Bias Against Female Instructors
There’s mounting evidence suggesting that student evaluations of teaching are unreliable. But are these evaluations, commonly referred to as SET, so bad that they’re actually better at gauging students’ gender bias and grade expectations than they are at measuring teaching effectiveness? A new paper argues that’s the case, and that evaluations are biased against female instructors in particular in so many ways that adjusting them for that bias is impossible.
Moreover, the paper says, gender biases about instructors — which vary by discipline, student gender and other factors — affect how students rate even supposedly objective practices, such as how quickly assignments are graded. And these biases can be large enough to cause more effective instructors to get lower teaching ratings than instructors who prove less effective by other measures, according to the study based on analyses of data sets from one French and one U.S. institution.
“In two very different universities and in a broad range of course topics, SET measure students’ gender biases better than they measure the instructor’s teaching effectiveness,” the paper says. “Overall, SET disadvantage female instructors. There is no evidence that this is the exception rather than the rule.”
Accordingly, the “onus should be on universities that rely on SET for employment decisions to provide convincing affirmative evidence that such reliance does not have disparate impact on women, underrepresented minorities, or other protected groups,” the paper says. Absent such specific evidence, “SET should not be used for personnel decisions.”

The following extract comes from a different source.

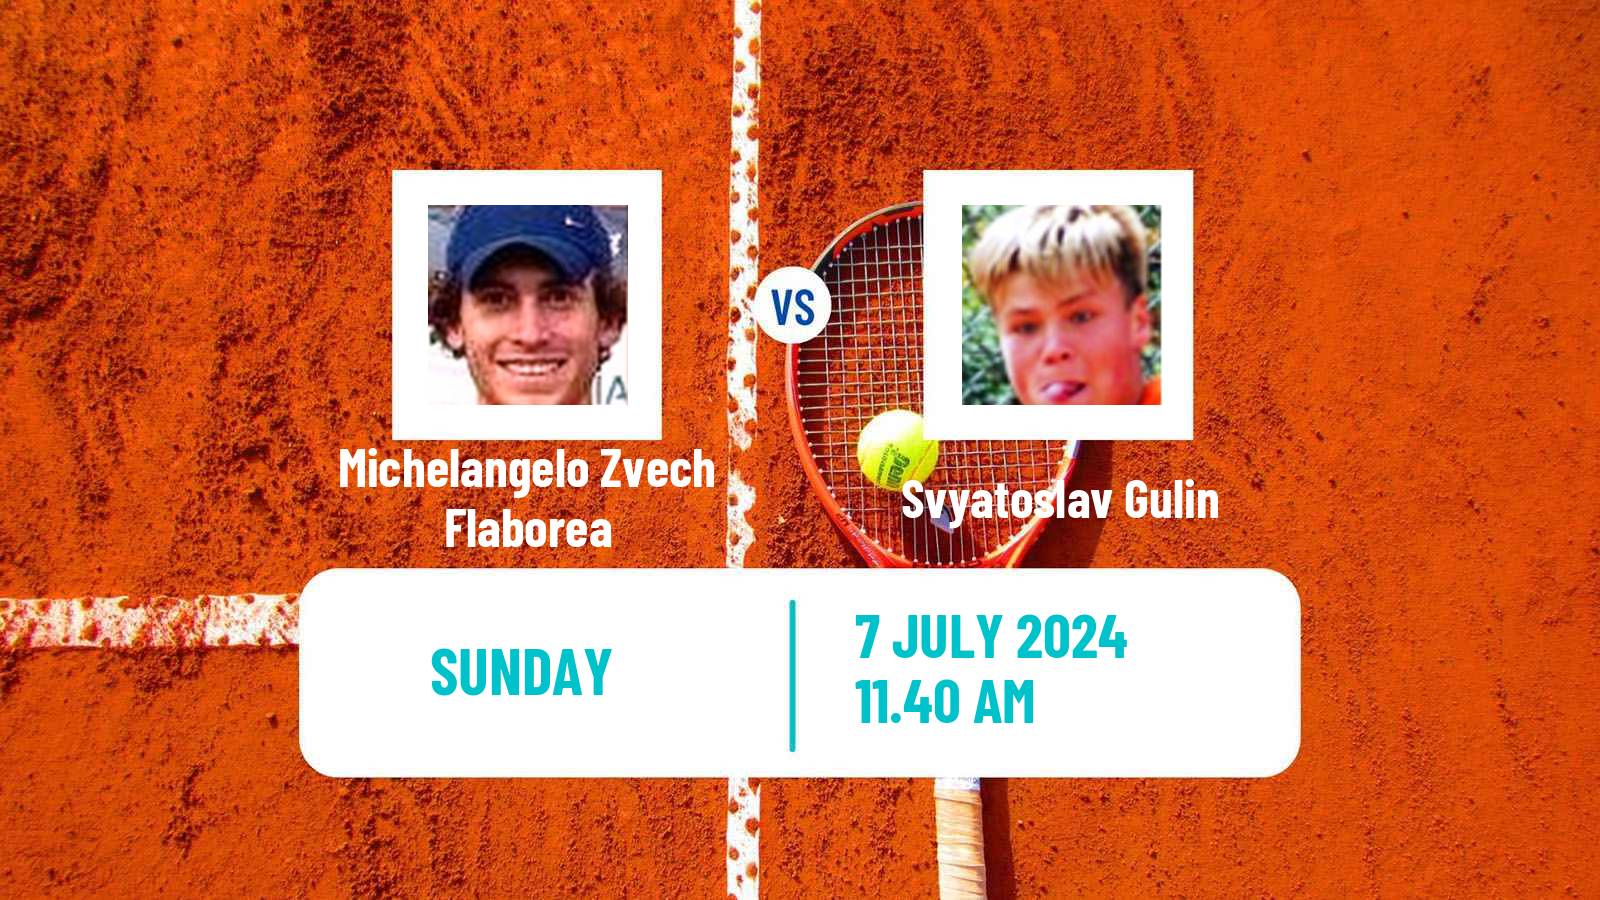 Tennis Trieste Challenger Men Michelangelo Zvech Flaborea - Svyatoslav Gulin

“Student Evaluations of Teaching (Mostly) Do Not Measure Teaching Effectiveness,” was published last week inScienceOpen Research. Philip B. Stark, associate dean of the Division of Mathematical and Physical Sciences and a professor of statistics at the University of California at Berkeley and co-author of a widely read 2014 paperquestioning the reliability of evaluations, co-wrote the paper with Anne Boring, a postdoctoral researcher in economics at the Paris Institute of Political Studies, and Kellie Ottoboni, a Ph.D. candidate in statistics at Berkeley.